Jazz visionary and founding member of the Jazz Crusaders, pianist Joe Sample has reunited once again with Randy Crawford on Feeling Good (PRA, 2007). The results are magical. They first worked together on the title track to the Crusaders' Street Life, (MCA, 1979), which became an international hit, and "Feeling Good is sure to follow along the same path to success. It is a true testament to the incredible musicianship of all the artists included on this project, which includes Christian McBride, Steve Gadd, Dean Parks, Anthony Wilson, Luis Quintero and Ray Parker Jr.

Katrina-Kasey Wheeler caught up with Sample to discuss this collaborative effort and his many plans for the future.

All About Jazz: This album has been thirty years in the making. Why did you decide to create this album now with Randy? Why at this particular time?

Joe Sample: I was touring with Randy in 2005, in England at Ascot Park. We had finished sound check and the weather was just wonderful. We were beneath an oak tree, and our tour manager started to video tape us. All of a sudden, Randy began to sing—everything that we said, she would turn it into a song. She is a walking encyclopedia of melody and lyrics. Everything we said, would remind her of a song, and she would begin to sing them. It went on for fifteen minutes and I thought to myself, "Wow, she would make a dynamic Broadway performer.

A month later we were in California and she asked me to listen to her then latest CD, and I came to the conclusion that the mistakes are made when one really tries to get a hit. The horns, the guitars, the strings—I did all of that of course, on "Street Life. It occurred to me that if Randy was just given the opportunity to sing—it is raw and naked—her voice is the hit.

I mentioned it to her and she was all for it, along with my manager. We then asked [producer] Tommy LiPuma to join us, as well as Christian McBride and Steve Gadd. We went into the studio and we did the very first take—[then] fourteen pieces in three and a half days. We sometimes did two takes, but we kept going back to the first takes. We began to notice how wonderful it was to simply hear space.

I have grown exhausted with the wall-to-wall sound that started happening in free jazz: the usage of the melisma. It is just a continuous barrage of notes that I find to be unappealing to me. I think that the beauty and genius of music is the space between the notes. That is simply my value. I did notice that when you allow Randy to sing as she likes, she has the most ideal sense of timing and space.

AAJ: I agree, it is audible throughout the CD. You have employed some outstanding musicians on this album.
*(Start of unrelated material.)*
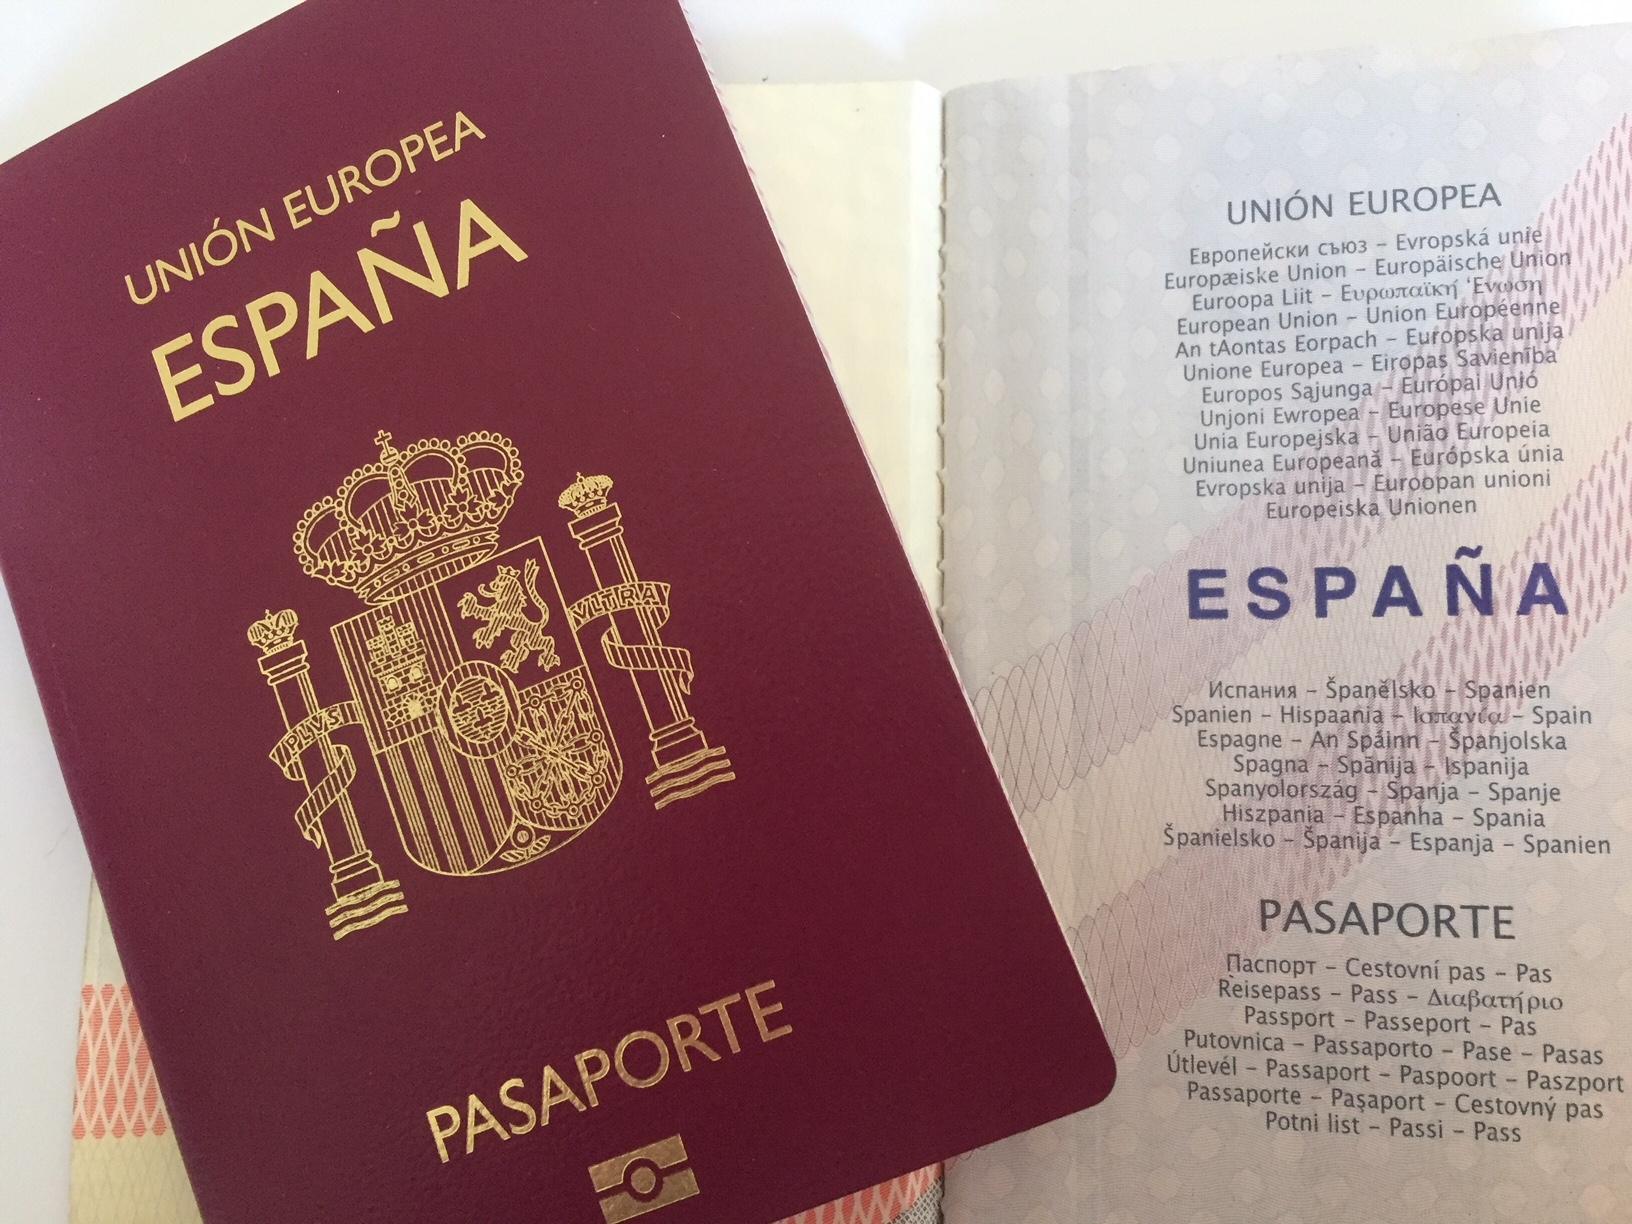 El formulario ESTA, Electronic System Travel Authorización, se conoce de forma errónea como VISADO ESTA. No se trata de un VISADO sino de una autorización de viaje concedida, en base a los datos proporcionados del pasaporte, por el gobierno de los EEUU a los ciudadanos de los países acogidos al programa del Visa Waiver Program […]

JS: It was all carefully planned from the first meeting. Randy had come up with a lot of songs and had also performed some of them live. The main idea was to not do the trend of today—[a] Great American Songbook album. We decided that we would instead, go back and dig into the catalog of some of the finest African-American singers of the past. Randy has a way of coming up with things that no one else thinks of. We had this wonderful anticipation of what would happen, and that anticipation turned into a reality.

We began with forty-five songs and that went down to twenty-four songs two weeks before the recording started. I was in Tokyo at the Blue Note with George Duke, and I would go back to my hotel room and come up with arrangements. Right before we started recording it went down to fourteen pieces, although in the United States, I believe it is thirteen pieces included on the album. The European version has fourteen.

AAJ: The song selection is great, very inspired choices. It really is all about the music on this album.

JS: Yes, and that was really the whole point—to record songs in a very passionate manner. We all knew that Randy was going to sing. The talent and life experiences of all those involved on this project really are responsible for the result. What this record indicates to me is that we are indeed the same people, the same artists, and nothing has really changed—except we have matured tremendously.

AAJ: Do you have a favorite track?

JS: I would say that in my discussions with Randy "End of the Line is our favorite. It is one of my favorite songs that I have ever recorded, out of all the recordings that I have done.

AAJ: Why is that?

JS: It is the combination of how we did it. The lyrics are wonderfully put together. The melody and the lyrics are the perfect vehicle for musicians with my sensitivities, tastes, and values. It was the perfect vehicle for us to record in a very passionate manner. If you go back and listen to some of the original versions, you will hear how unique this new version is. We recorded these songs in such a way that this album is really a study in interpretation, [in] how songs can be interpreted.

AAJ: That is so true. Your piano playing accompanied by Randy's vocals compliment each other perfectly. You work in unison.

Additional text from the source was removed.